Une pénurie de ressource et une attractivité mesurée
Au sortir de la crise du Covid, le secteur de l’industrie n’est pas épargné par le manque de main d’œuvre. Les carnets de commande sont pleins mais les usines sont au ralenti faute de personnel. Fin octobre, 30 000 postes en production ne trouvaient toujours pas preneurs en France. Dans ce contexte, difficile d’imaginer une réindustrialisation massive. Les emplois dans l’industrie ne sont pas pourvus et les nouveaux métiers, nécessaires à la transformation vers une industrie 4.0, supposent des compétences logicielles déjà en tension dans l’ensemble des secteurs. L’optimisation des processus indus[1]triels et l’amélioration des conditions de travail sont des facteurs clés de succès pour rendre attractif le secteur. Beaucoup en zone périurbaine ou rurale, les entreprises industrielles doivent aussi améliorer leur visibilité pour capter les talents de plus en plus tentés de quitter les grandes métropoles
Un fondement industriel à valider sur le long terme
Devant l’engouement des pouvoirs publics et l’émulation autour de la réindustrialisation, les entreprises se hâtent craignant de ne pas profiter d’un marché porteur et des aides financières disponibles. La France n’a pas les avantages comparatifs pour produire tout type de produit. La construction d’une usine doit répondre à une logique industrielle d’ensemble et procurer un avantage compétitif aux entreprises qui choisissent un tel virage stratégique. Tous les secteurs ne doivent pas reproduire en France. Les directions générales et les cabinets de conseil les accompagnant ont une véritable responsabilité à ne pas céder aux premiers signaux. Ils se doivent également d’objectiver la valeur ajoutée qu’un projet de réindustrialisation permettra de créer réellement sur le long terme.
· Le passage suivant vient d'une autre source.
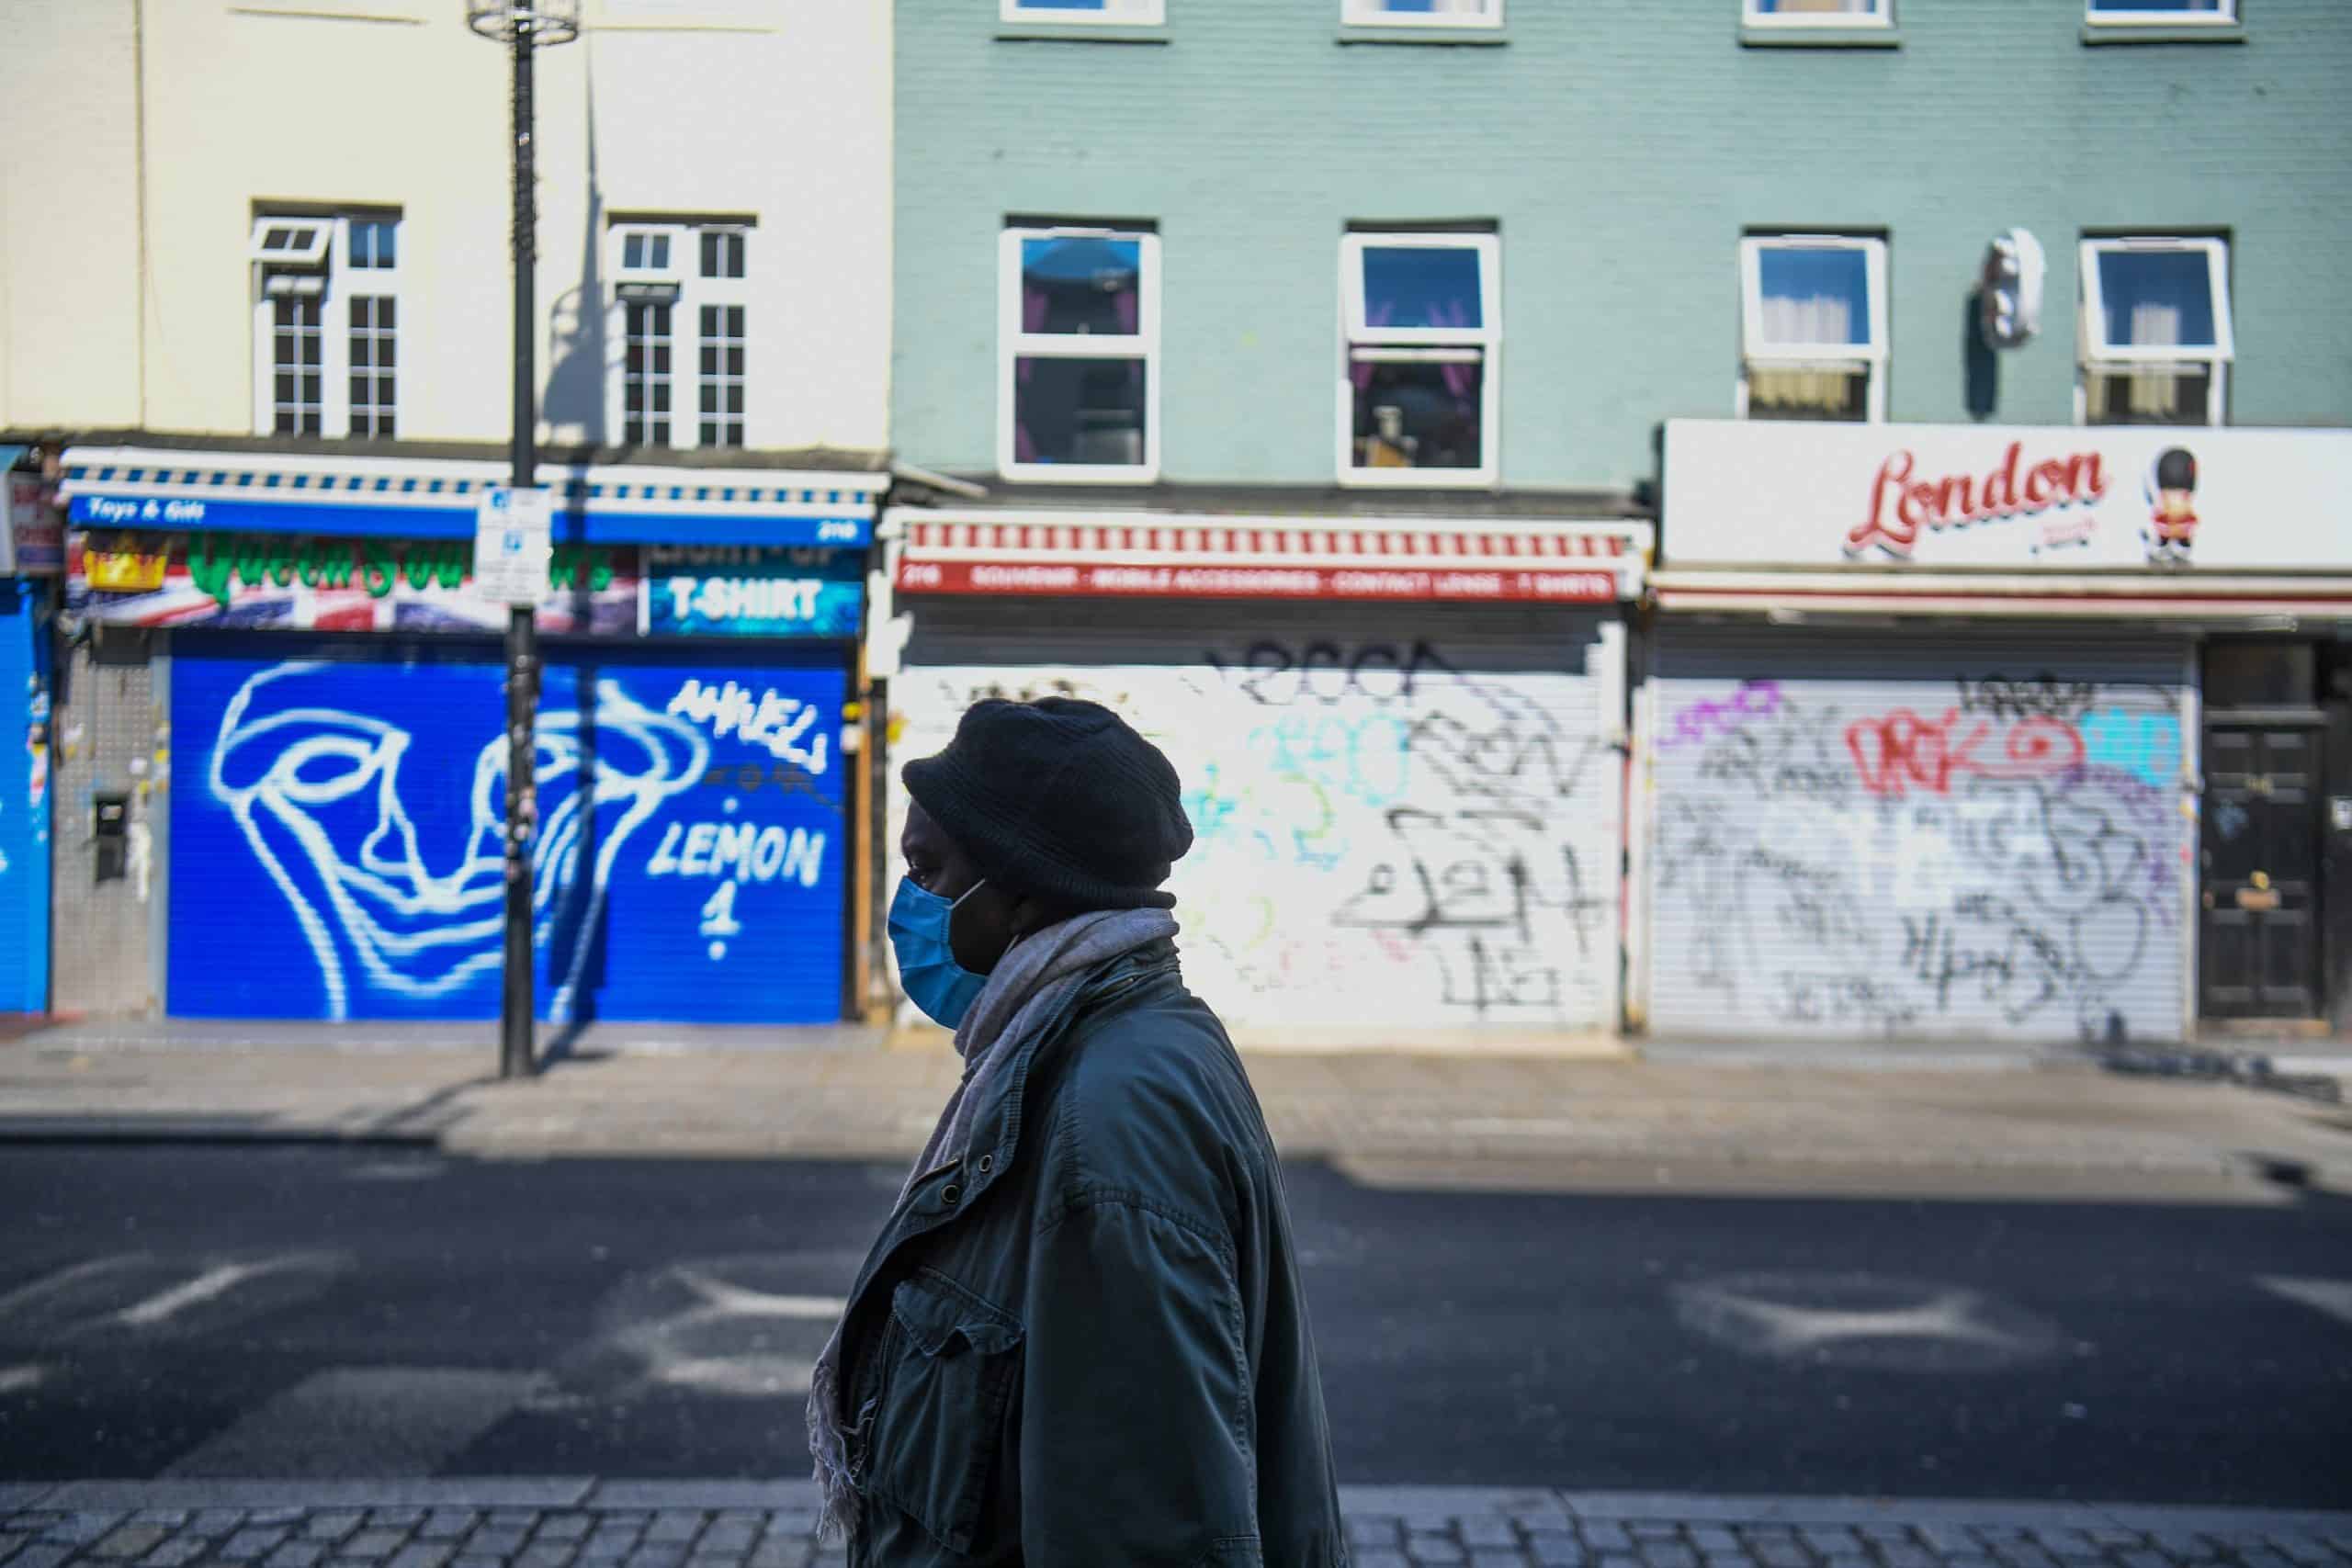 Covid-19 crisis has plunged nearly 700,000 Brits into poverty, study finds

Le cahier des charges de la réindustrialisation
OUI, la réindustrialisation n’a jamais eu autant de sens qu’aujourd’hui et jamais les acteurs publics et privés ont été aussi alignés sur le sujet. NON, toutes les entreprises industrielles ne seront pas concernées et il s’agit de repenser le modèle industriel de la France de demain et d’avoir une approche segmentée ne reproduisant pas les révolutions industrielles du passé.
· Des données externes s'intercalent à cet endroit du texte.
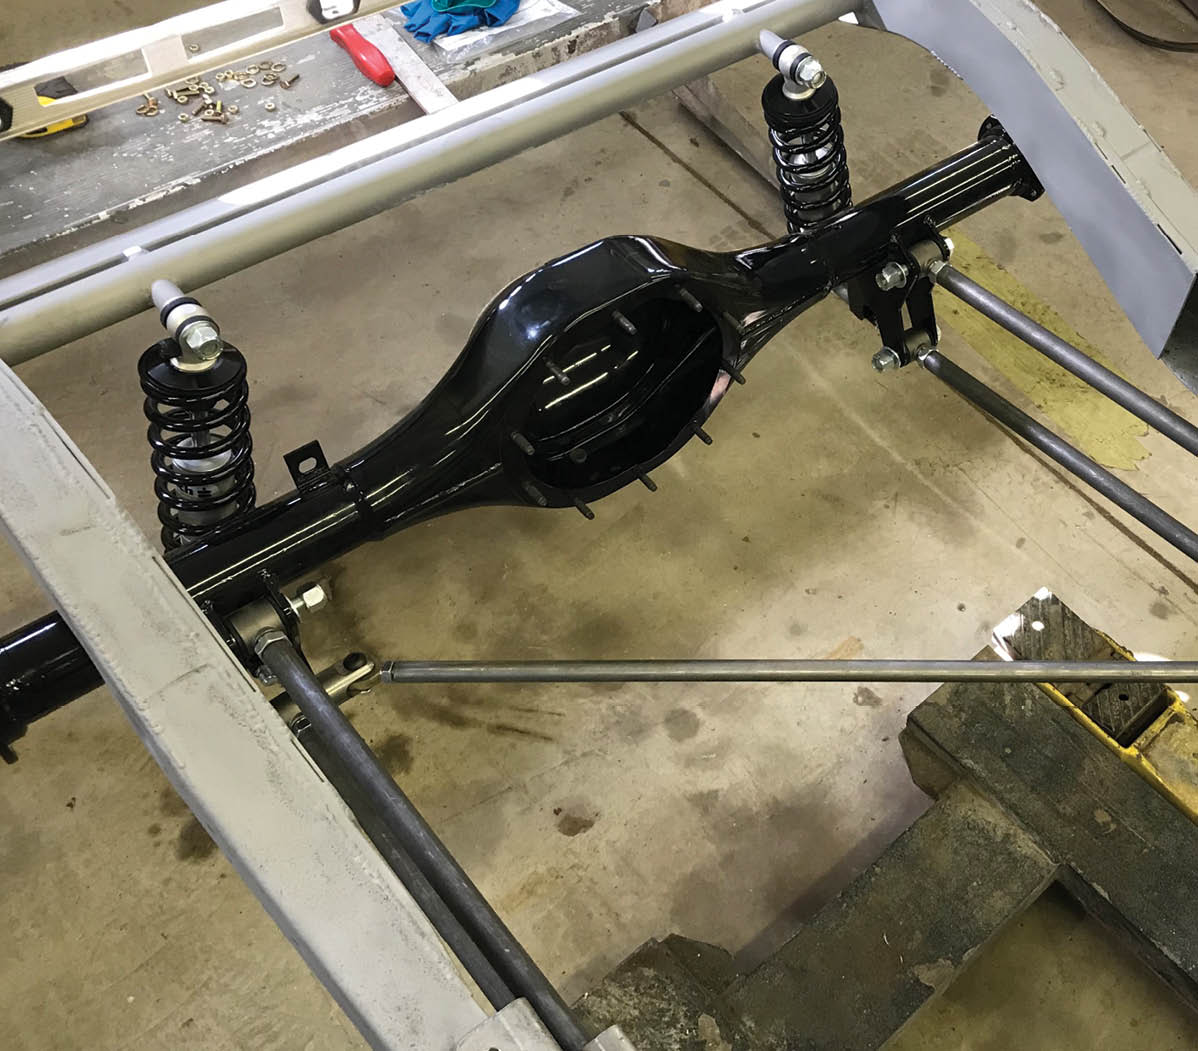 The rear suspension is made up of coilovers, four-bars, and a diagonal locator all from Total Cost Involved (TCI). John’s Industries supplied the 9-inch Ford axle housing.

Les ambitions de réindustrialisation ne pourront être atteintes qu’en recréant une industrie moderne, optimisée, digitale et intégrant les critères ESN dans ses (re)fondations. C’est à ce prix seulement qu’elle répondra à une demande réelle et se reconstruira une image positive et attractive pour lui permettre de s’implanter sereinement tout en attirant les talents qui permettront son exploitation.
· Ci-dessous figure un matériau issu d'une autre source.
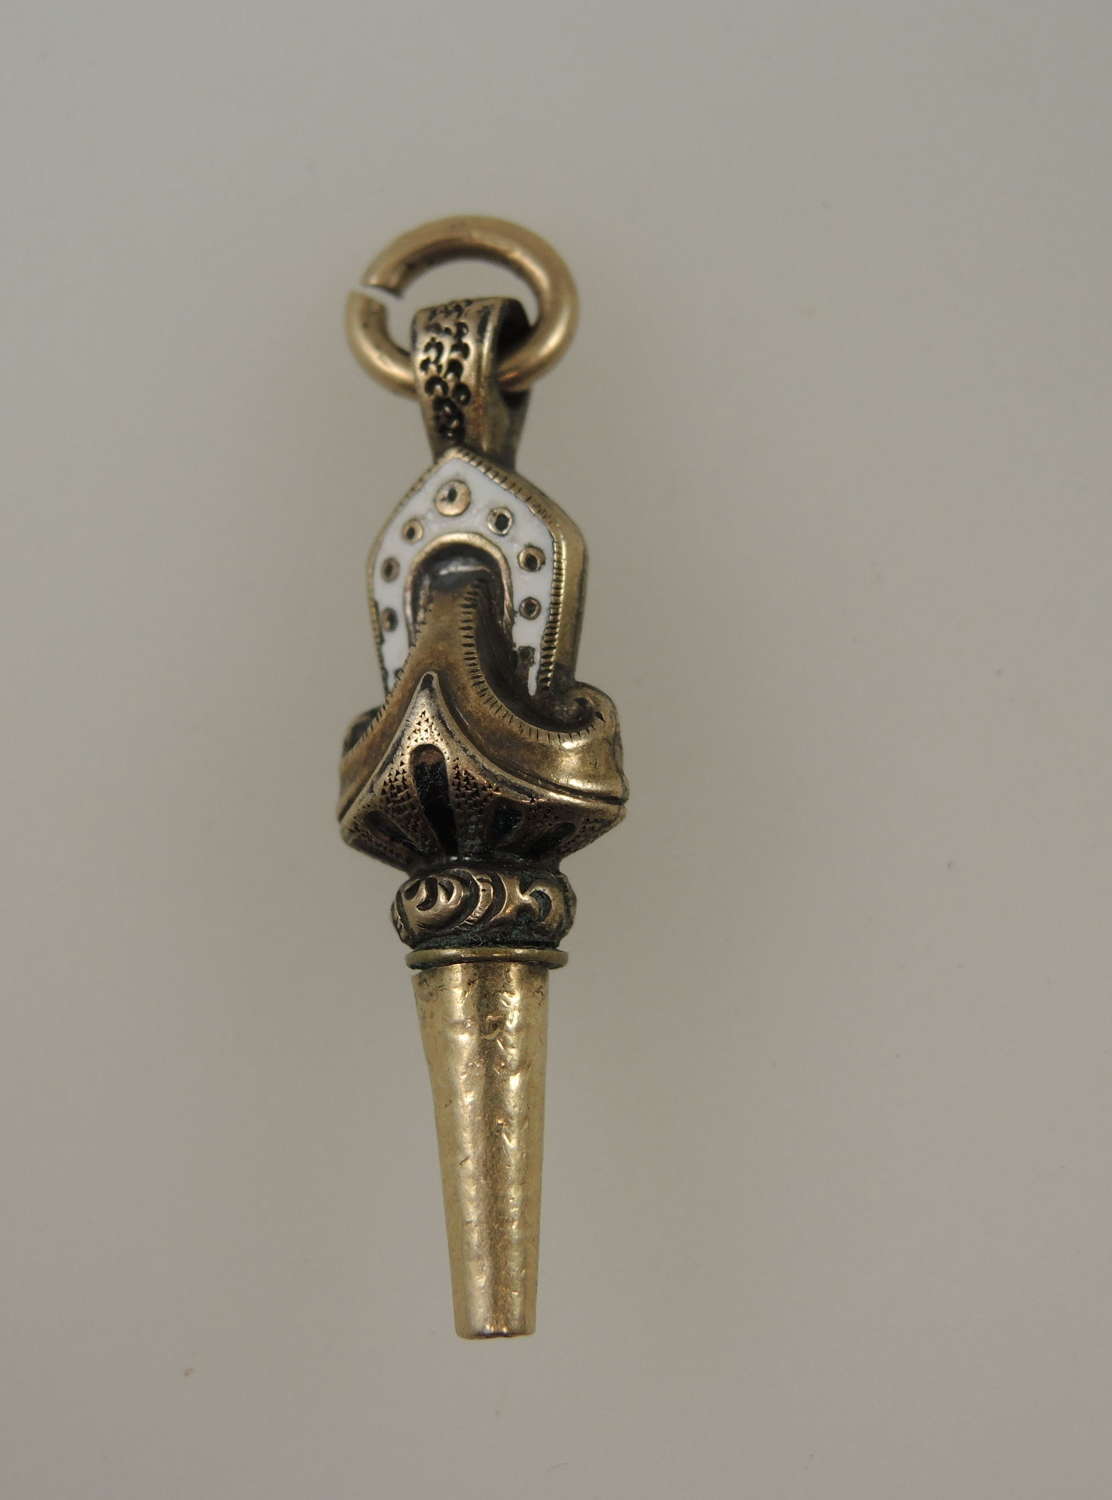 Beautiful gold cased and enamel knot shaped pocket watch key c1850

Les entreprises pour lesquelles la pertinence industrielle de la relocalisation en France, mais aussi en Europe est validée doivent engager dès aujourd’hui leurs projets et en tireront un avantage comparatif grâce au resserrement de la supply chain : la réduction des coûts de transports est immédiate dans un contexte logistique mondial incertain, et lorsque les coûts directs sont plus élevés, la réduction des aléas, des coûts d’indisponibilité, des délais et les possibilités de faire évoluer le business modèle des entreprises grâce à la supply chain circulaire doivent être pris en compte pour valider l’équation.